I also notice that none of these trades appear to be losers
Really? Must be my eyes - take a look at the first 4 trades again:

Sell 52
Sell 58 << Avg now 55
Buy 53 << Loss of 2
Buy 55 << BE trade
 
Quote from austinp:

<i>"one cannot make a decent living solely from trading unless one is trading size"...</i>

Well, I guess we need to define "decent living" as the constant.

Average +2pts ES per day, 250 sessions per year. That includes +40pt profit sessions like Thursday March 2nd and -20pt weeks that may come along someday. Blended average, +2pts ES daily over time.

Using this example, +2pts X 250 sessions = 500 ES points profit per trading year.

500pts x $50 = $25,000 per contract.

Variables then are commission cost = average profit size per trade. Assuming $25 per contract average size trade with $5 per turn cost, total net profits after commish in this example would be +400pts.

400pts x $50 per = $20,000 per contract net, pre-tax.

*

Two contracts exceed the average U.S. median income by a solid margin

Five contracts are a six-figure income

Twelve contracts is a cool quarter-mil.

Once a trader can accomplish +2pts ES per day (or better) consistently, position size takes care of itself. PureTick is working on helping new traders survive, tread water and grow up instead of blow up.

Here's wishing 100-lot ES positions for everyone's future!

I like playing with hypothetical concepts too. The sad truth is every trader will have losing days and perhaps a lot of them.

Puretick isn't tracking 20 YM points per day and it is operated by a "professional."
 
Quote from JimmyJam:

OK

If this is an example of what is considered good trading in your room, if you think this type of scalping is really scalable, if you think 13 trades resuling in $100 (give or take based on commissions paid) is good trading, and if you think it's a an example of what should be held up to ET'ers to generate more business for your room, well, I'm going to have to go with Option X.

Good luck,

Jimmy Jam


Didn't I read in some other thread you are looking for $500 per contract, per week?

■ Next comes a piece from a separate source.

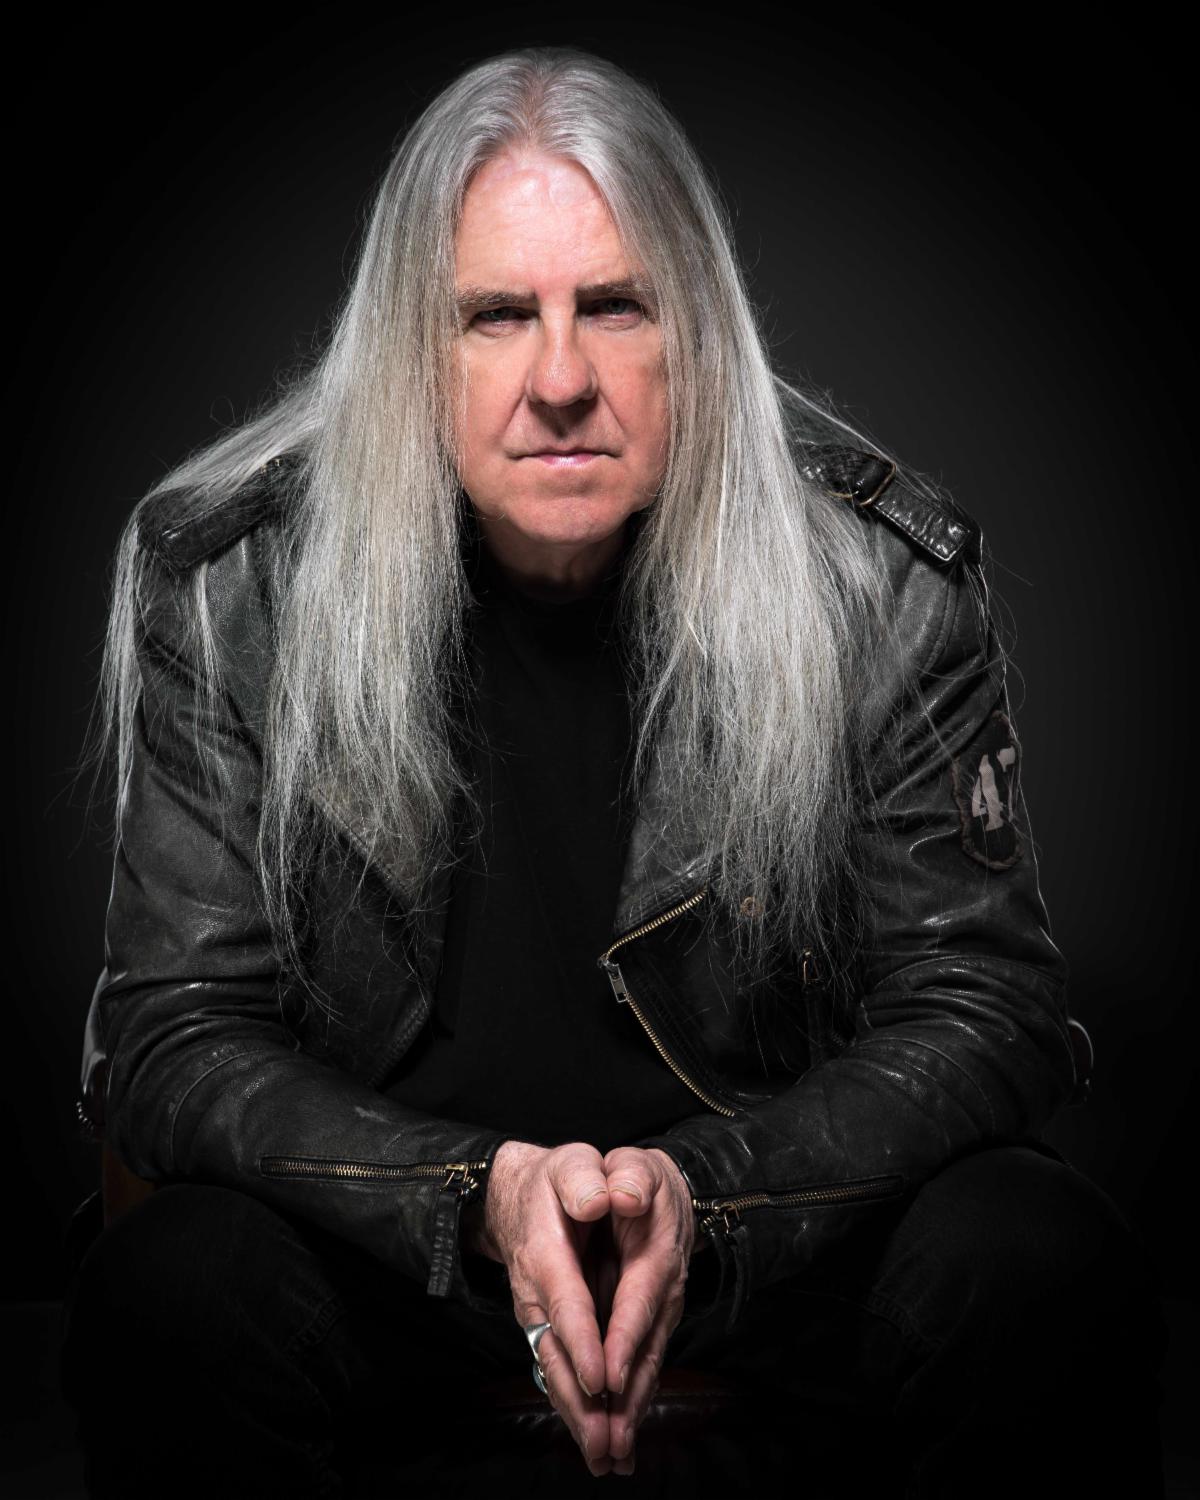 Legendary Saxon Frontman Launches Video For SCHOOL OF HARD KNOCKS
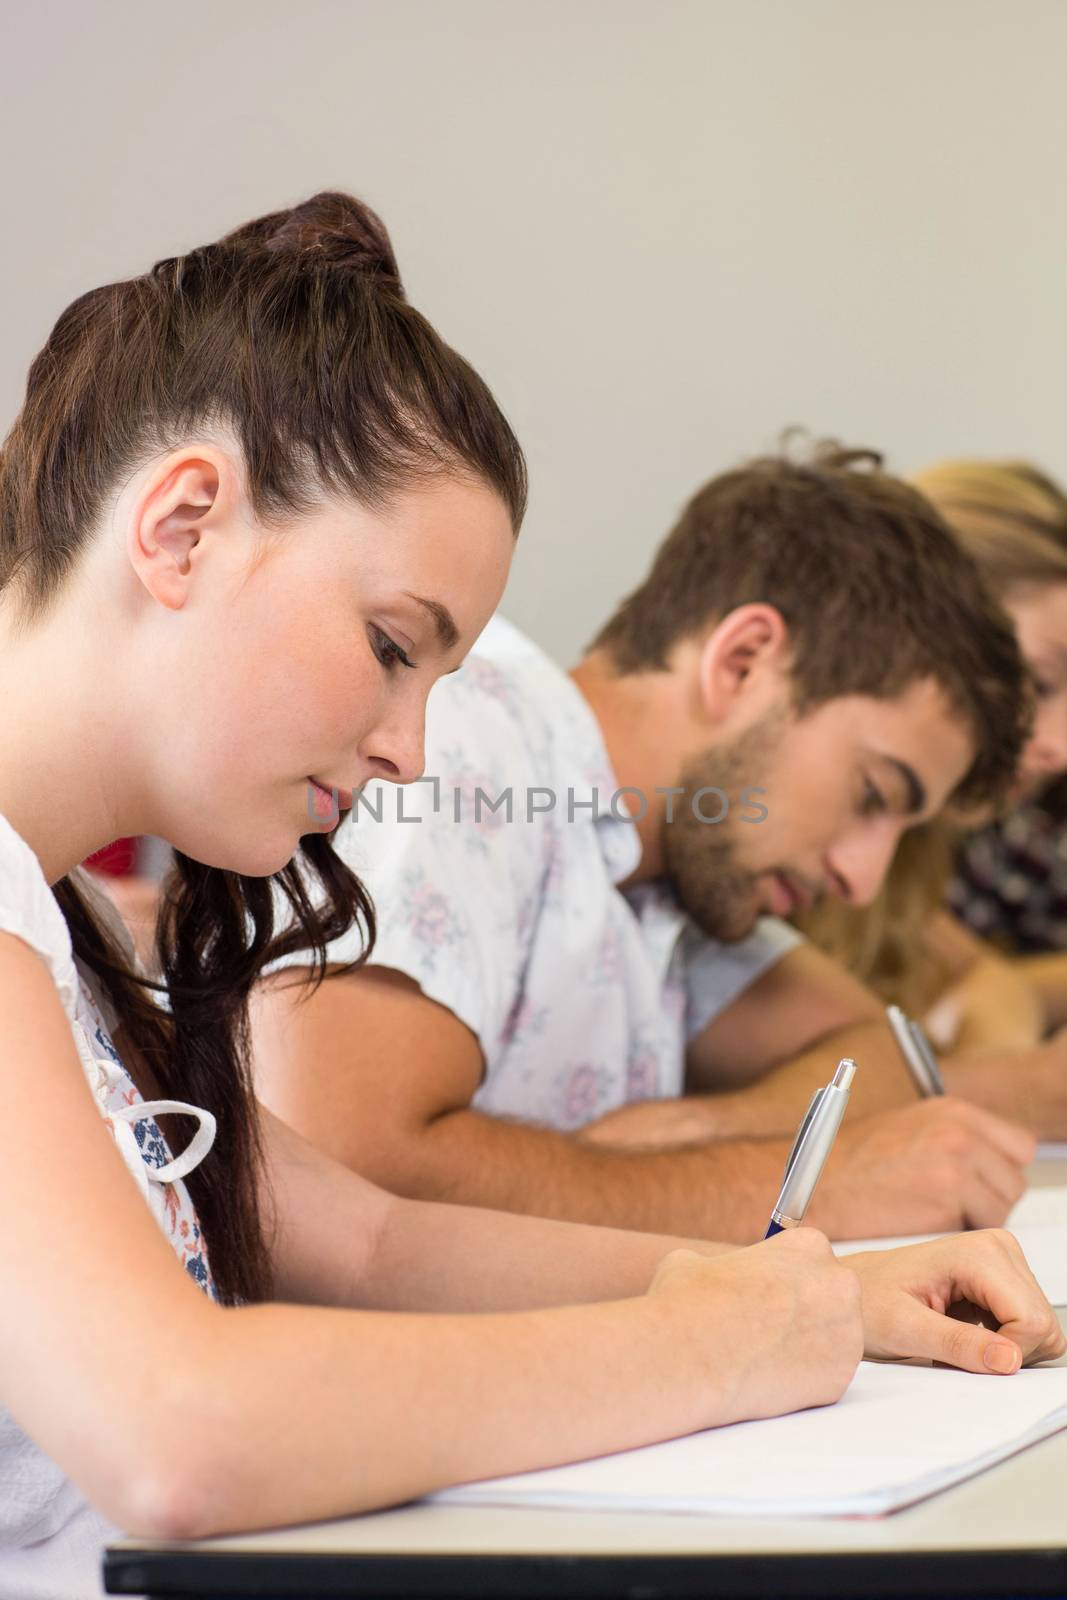 Students writing notes in classroom by Wavebreakmedia

Seems to me the posted brokerage statement (albeit for just 1 day), meets that criteria. $120 or so net for the day, trading single contract = $600 per wk. (You can argue with yourself over the fact that she added on a couple trades for a total of 2 contracts.)

Who the hell are you to say what style of trading is good vs any other style? I don't watch Cramer but one of the few times I did, he said something that made sense... Your bank doesn't care if your deposit money comes from a Google trade or if it comes from 1 day or 1 years worth of work.

I hope the swelling goes down.

Play what you see,
Osorico
 
Quote from Spectra:

osorico,

Nooooo you must be promoting paint shop pro because you have some sort of interest in it! I will now never use it. Im a paint shop pro skeptic.. hehe just kidding. just wanted to take a skeptical stance.

I've used PSP before. I like it but I grew up on adobe starting with my first 3 pass flat bed scanner I got in 1989.